How much debt is too much? You should try to limit the amount of debt you owe to no more than half of your credit limit. In other words, if you have two credit cards with $5,000 limits, and a $10,000 line of credit, you don’t want owe more than $10,000 between the three of these debt products. Aim for balances under 30%.

Credit history looks at how you’ve paid off loans in the past. You’ll get a better score if you’ve been using, and paying off, the same credit card for 10 years versus one you’ve had for only a few months. That is why it’s cautioned against cancelling cards, especially old ones. If you close an account, that credit history gets wiped out.

While you can check your own credit as many times as you’d like, others can only check your rating twice in 12 a month period before that info turns up on your credit rating. “Applying for a loan at five different places shows that a person is having trouble getting credit and may not be financial stable. “What happens if they all say yes and now all the sudden you have five times the credit then you did before? There’s a real risk you won’t be able to handle it.”

Lastly, lenders want to know what type of credit you have. They want to see that you can handle more forms of credit than a simple credit card will give you. Having a mortgage, a car loan and a line of credit, in addition to a credit card, will help your rating.


What’s the right score?
A perfect credit score is 900, but the average score for Canadians is around 700, which is still a good number. Anything under 620 could affect your ability to secure a loan.

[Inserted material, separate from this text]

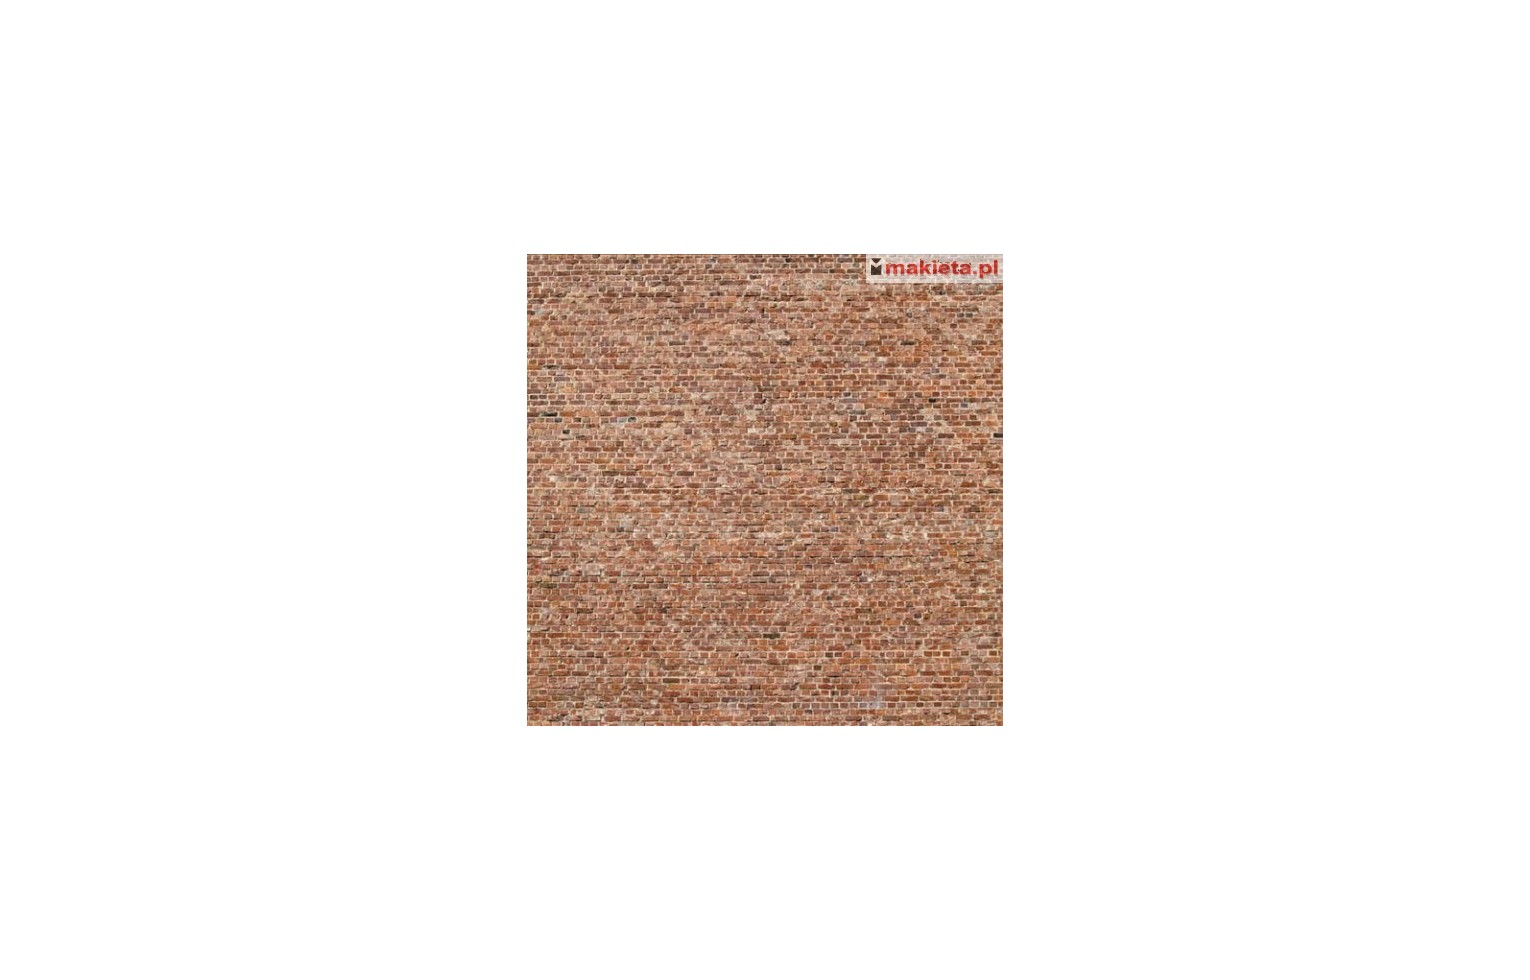 Heki 14002, Mur ceglany, 3 arkusze x 34x21 cm, skala H0

If you do have a low score it doesn’t mean you’ll never be able to borrow again. Some places will lend you money, albeit at higher interest rates.

It’s not always about the score. Each institution has its own scoring model, which a lot of people don’t realize.

Don’t wait for an ad to tell you to check your credit score. Pay attention to it, make sure it’s good and try to fix it if it’s not. You need to check your credit. Especially if you have a big purchase coming up.


Want to find out your credit score? There are two credit reporting agencies that can provide this information: Equifax Canada and TransUnion. For a fee you can get your credit report instantly from one of these two companies. (Equifax charges $24.95 while TransUnion charges $14.95 for its instant credit reports.) You will need your social insurance number, driver’s license and other identifying information to fill in the online form.

These companies will also give you your credit report for free, but you have to print off a form and mail it in.